— WHAT TO DO —
Below is a listing to copy exactly; no image goes into the copy.

[SOURCE MATERIAL]

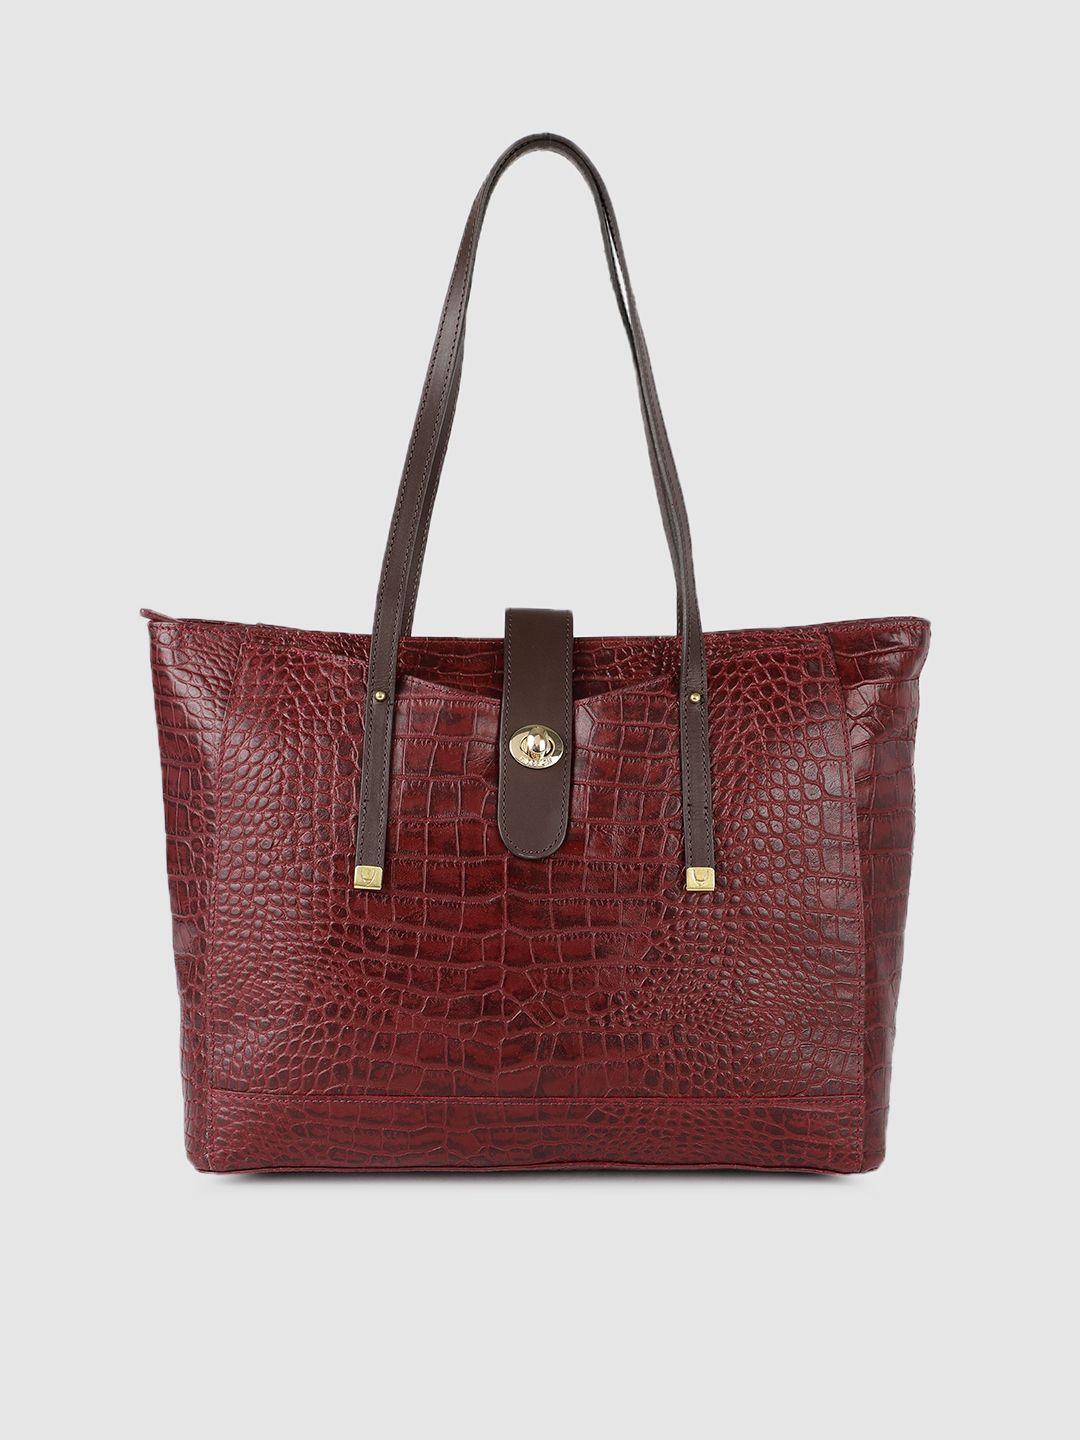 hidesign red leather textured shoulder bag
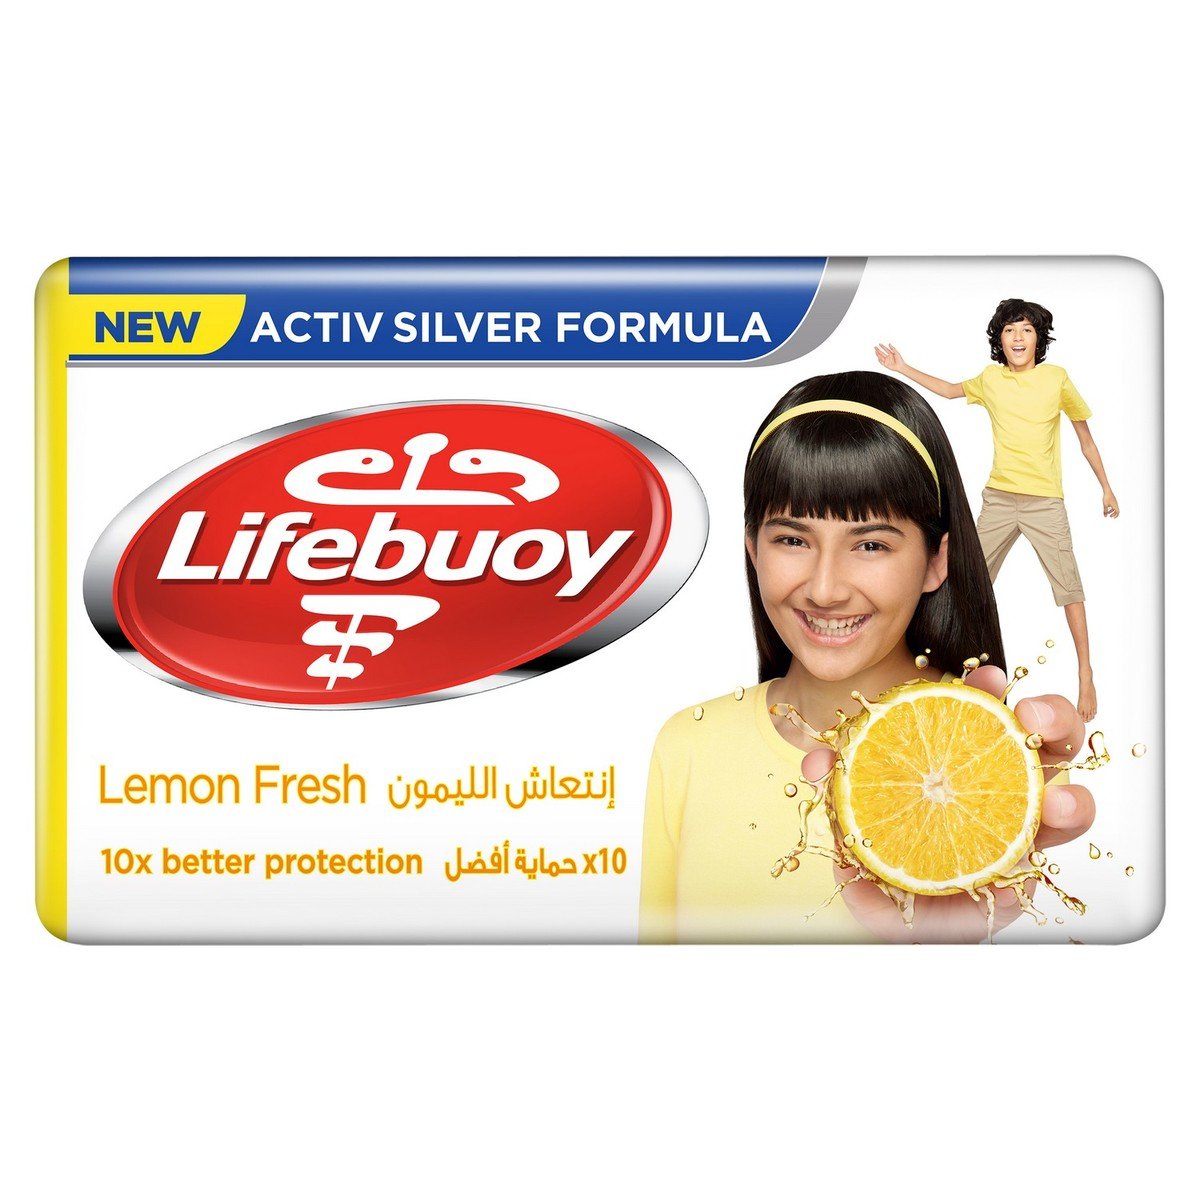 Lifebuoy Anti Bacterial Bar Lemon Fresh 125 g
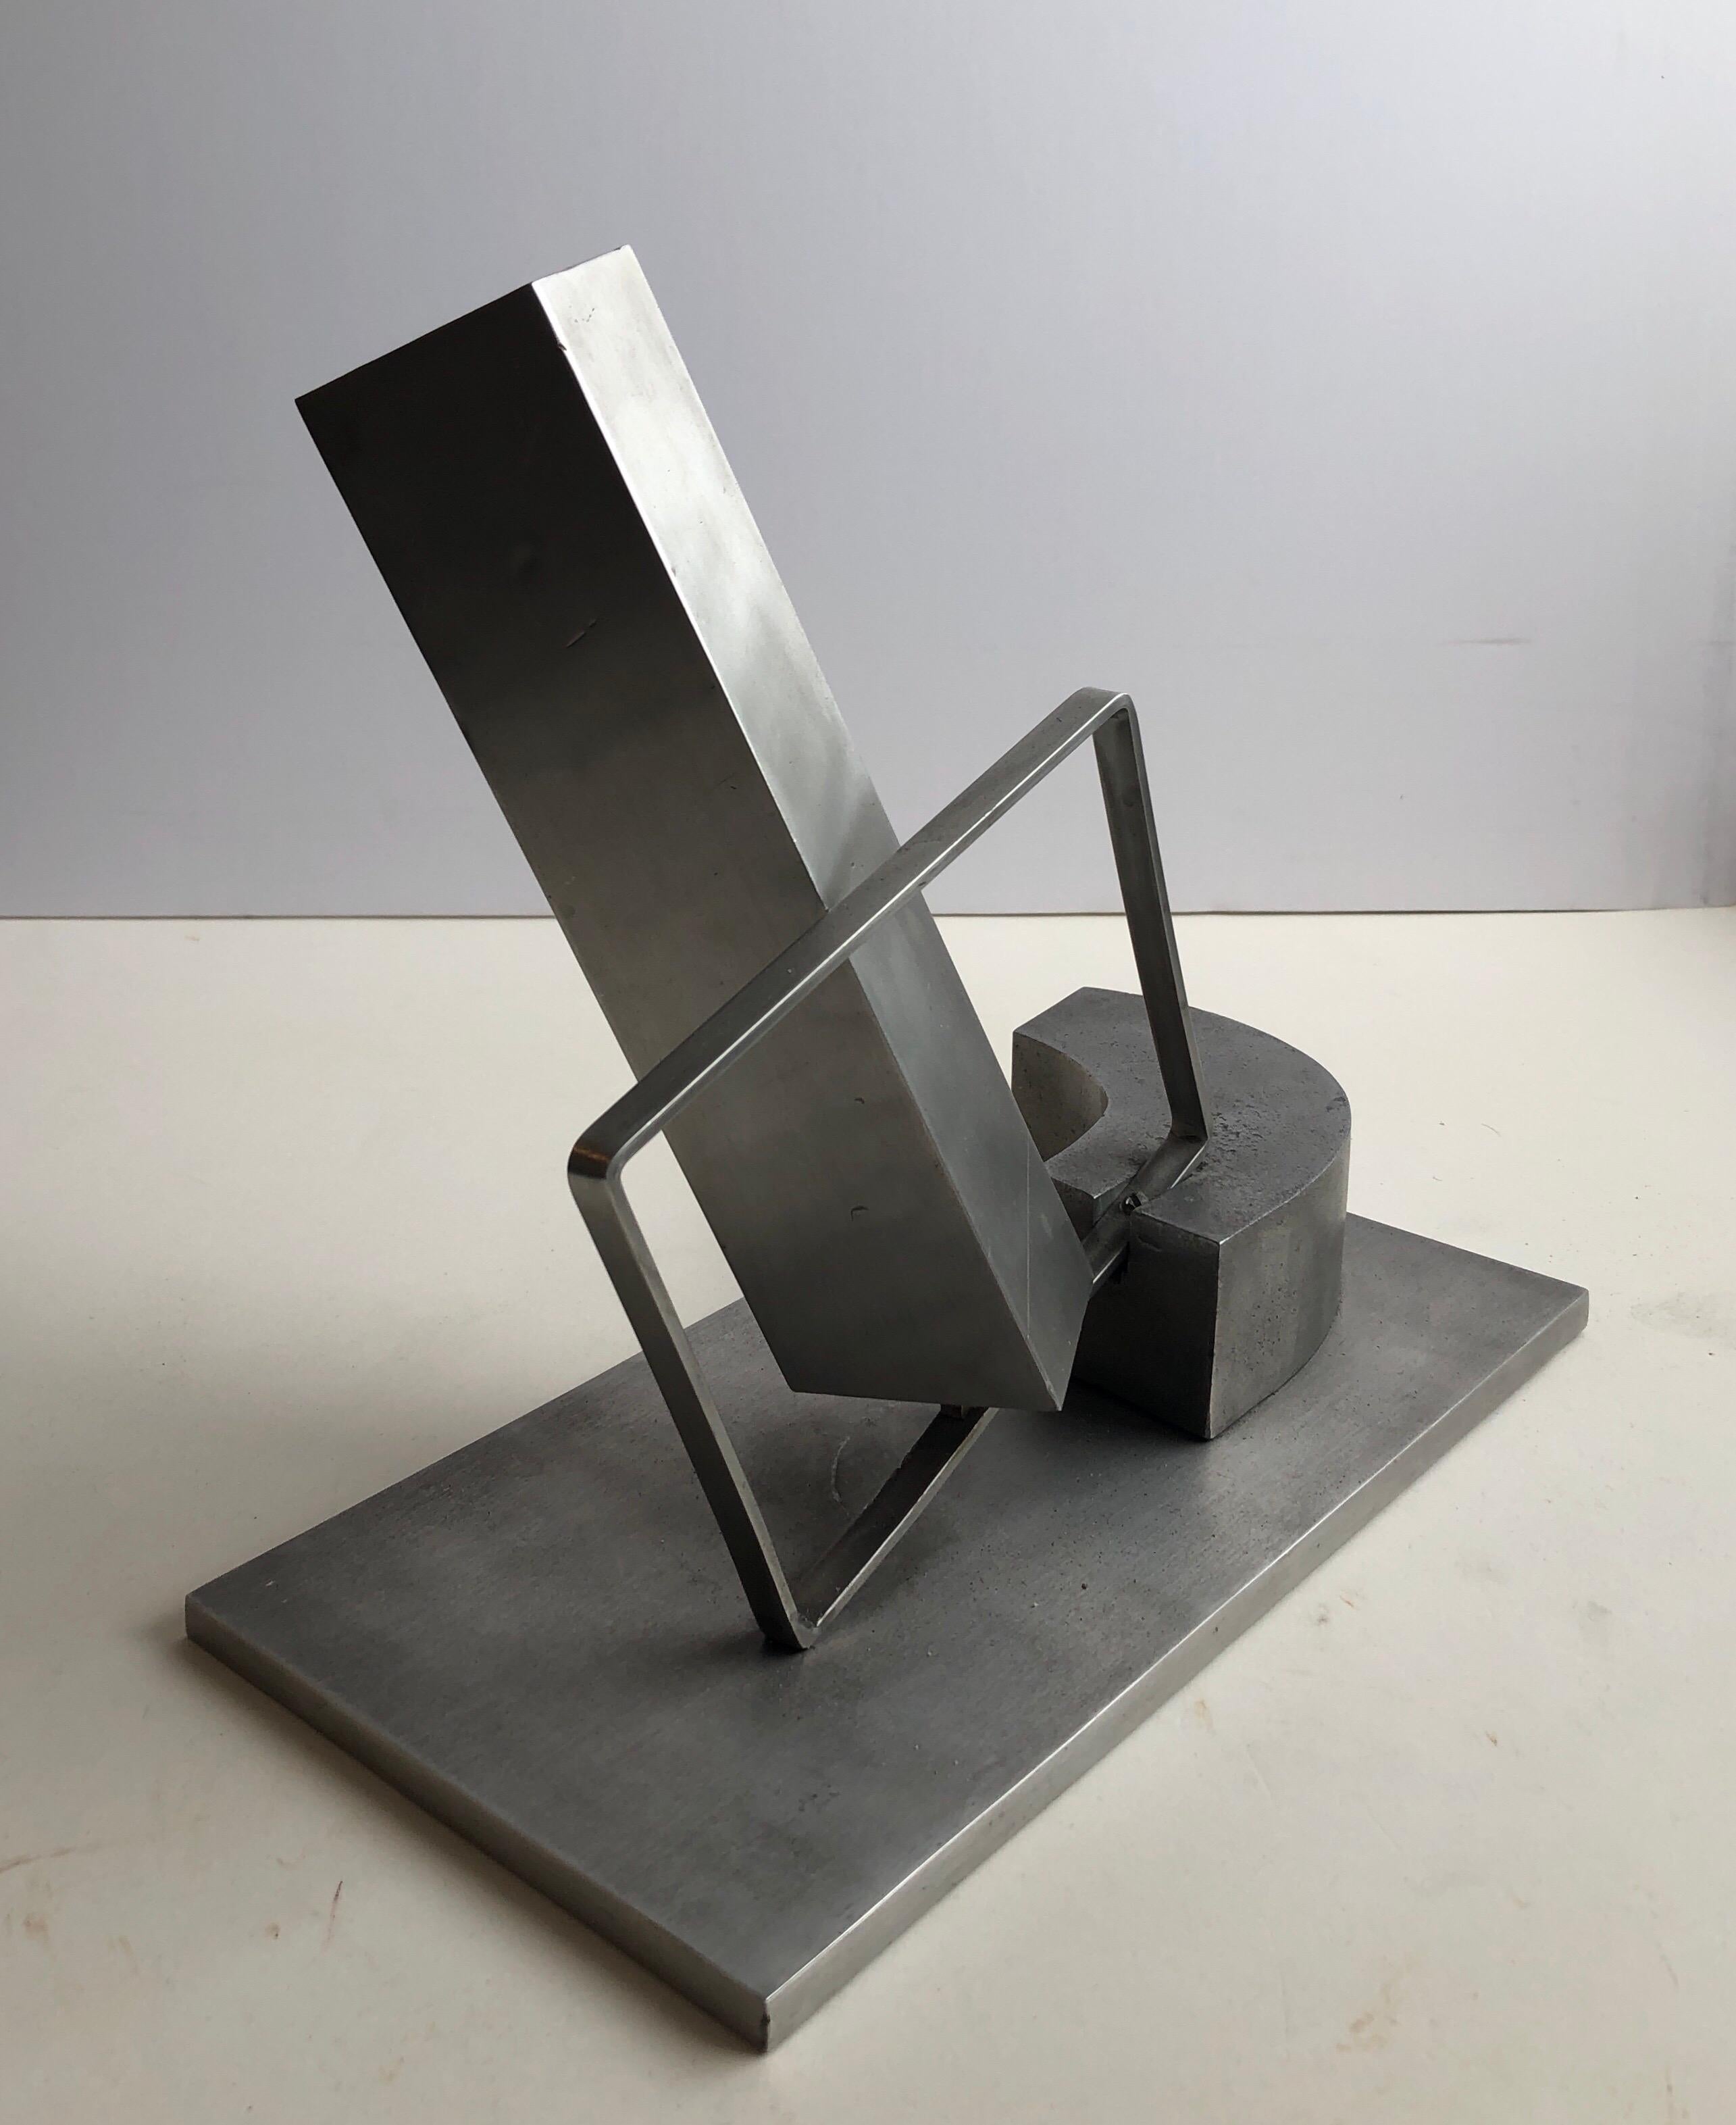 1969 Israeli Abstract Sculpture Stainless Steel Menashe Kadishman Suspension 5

[/SOURCE MATERIAL]

— OUTPUT FOR THIS TASK —
 hidesign red leather textured shoulder bag
 Lifebuoy Anti Bacterial Bar Lemon Fresh 125 g
 1969 Israeli Abstract Sculpture Stainless Steel Menashe Kadishman Suspension 5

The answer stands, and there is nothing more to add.